How to connect to ANY data source using Meltano
There is one big problem with all data integration tools on the market: The data space is evolving faster than ever. New data “sources” grow like weeds, and no data integration tool is able to provide total coverage of them.
Even worse for you as a data engineer, your individual data stack is likely unique enough so that there always will be one or two connectors missing regardless of what tool you’re choosing.
That’s why Meltano is continuously investing in making it as easy as possible to build your own sources, taps and even other kinds of extensions if you like. Developing your own tap or target with Meltano takes a little as 10 minutes of your time.
Let’s look at the two ways people use to extend Meltano to fit their unique data stacks.
Making connector development fast and testable
Data engineers shouldn’t have to worry about writing too much custom code to connect to data sources. And with Meltano’s 550+ connectors, you’re quite unlikely to customize more than a few of them.
To still make this process simple, data engineers need proper wrappers around common functionality. We provide these in the format of the Meltano Singer SDK, and a cookiecutter template that will jumpstart your connector development.
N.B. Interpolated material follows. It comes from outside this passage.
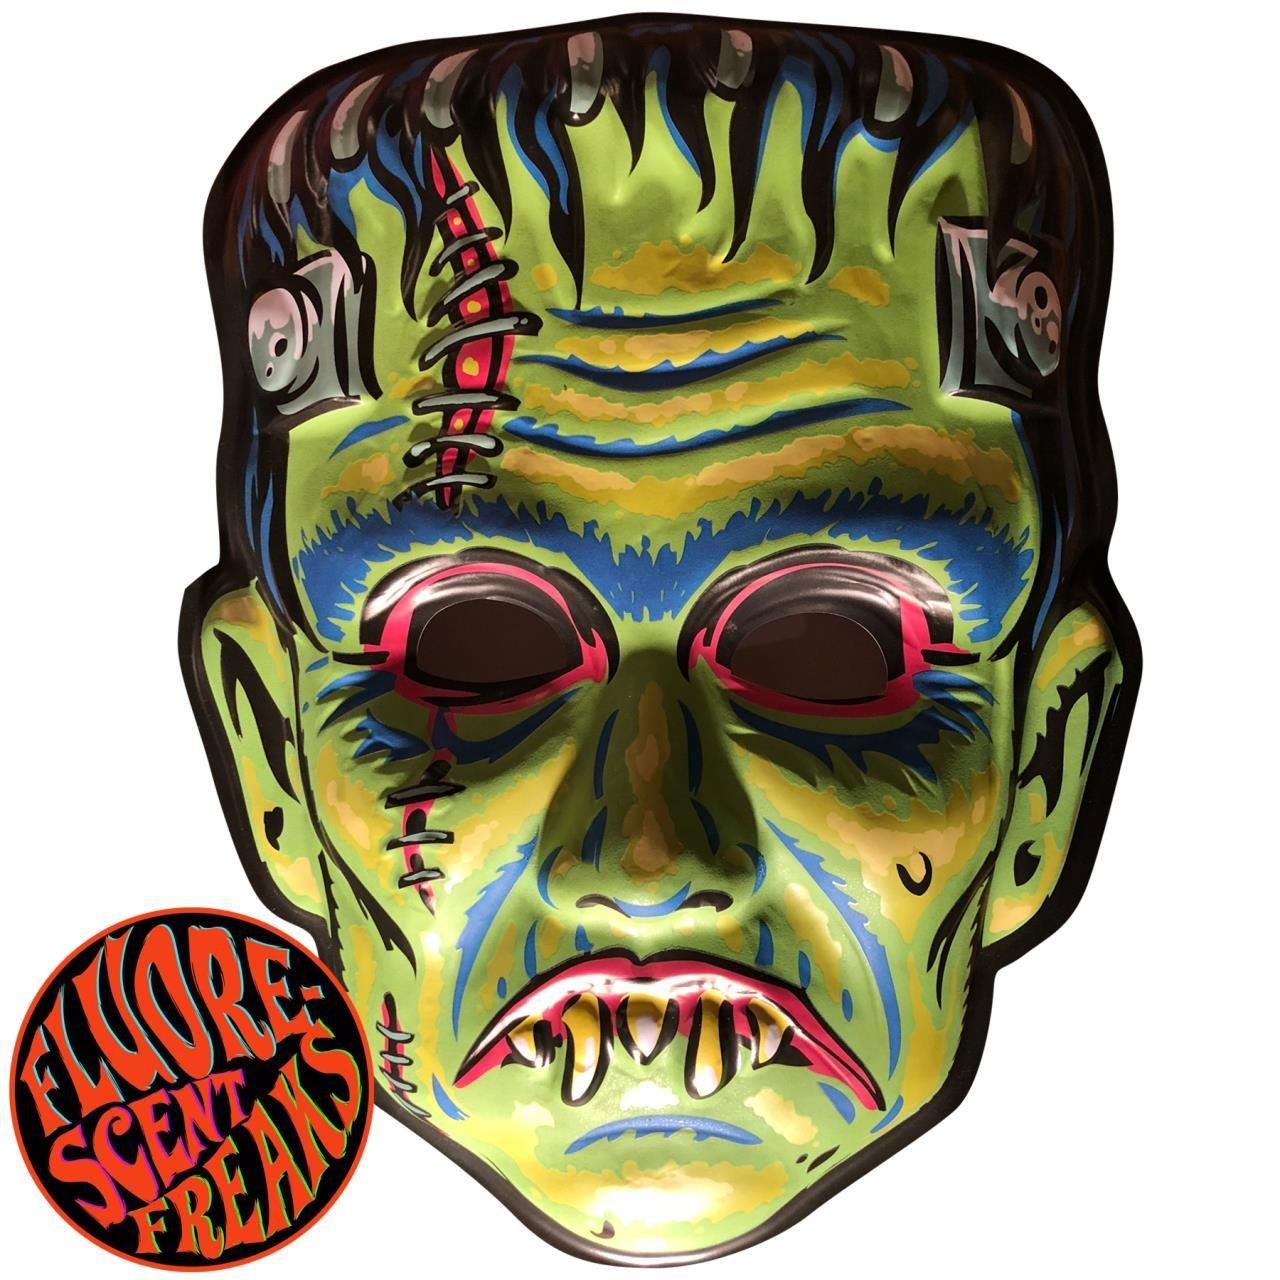 Retro-a-go-go! Son-of-Frankie Vac-Tastic Plastic Mask Wall Decor by Retro-a-go-go!

(1) Modify an existing connector to fit your purposes
Our internal data team collects data from github about repositories publishing “taps” and “targets”. That means we want to search for such repositories, but we do want to filter out our own ones.
Interestingly, when we started doing this, the connector, “tap-github”, didn’t support the filtering mechanism. So we took the existing connector, and made our own version out of it, with these filtering capabilities.
Your new connector doesn’t have to be open source, you can keep it as private as you want. The process is plain and simple:
- You fork any connector, e.g. singer-io/tap-github.
- You modify it to fit your purposes. We made our version available at MeltanoLabs/tap-github.
- You use your own connector inside your Meltano project.
As you can always use any kind of “pip install” path inside the Meltano project file, you can include any variation of a connector you want, in our case it works like this (extract.meltano.yml, pip url now changed to publicly available version):
- name: tap-github namespace: tap-github pip_url: git+https://github.com/MeltanoLabs/tap-github@d99378778c0cebc446c12b552ee4fd386fdc2610 config: organizations: - MeltanoLabs - meltano stream_maps: issues: __filter__: record['type'] = 'issue' select: - repositories.* - pull_requests.* - issues.* - '!issues.body' - '!issues.title' - '!pull_requests.body' - '!pull_requests.title'
There are many other reasons to modify an existing connector, maybe it doesn’t do what you want, maybe you need to add some internal requests, maybe you need to adapt it to your environment. Whatever the reason, modifying an existing connector is even easier than writing one yourself. And even that can happen in almost 10 minutes.
(2) Build your own connector because it doesn’t exist yet
When our data team decided to use data about all the connectors we have to publish a selected aggregation back to the Meltano Hub, they realized the right target is still missing. So they took it into their own hands, and created target-yaml.
If you want to create a new connector to source data yourself, the process is really simple. Have your Python environment running, then:
- Launch the cookiecutter template by calling cookiecutter https://github.com/meltano/sdk –directory=”cookiecutter/tap-template”
- Follow and answer the prompts you’ll be given
- Follow our detailed tap creation guide or check out the SDK references for yourself to quickly create the functions you need to extract your data.
- Install your newly created connector into your own Meltano project for testing, and running.
And that’s it! You can find detailed instructions inside our Meltano Singer SDK documentation. With 550+ connectors available to everyone and powerful customization options, Meltano is able to provide coverage of all of your data stack, no matter how niche it is.
We’re keen on making development of custom & modified connectors as easy as possible, that’s why we keep on investing in testing, templating and documentation.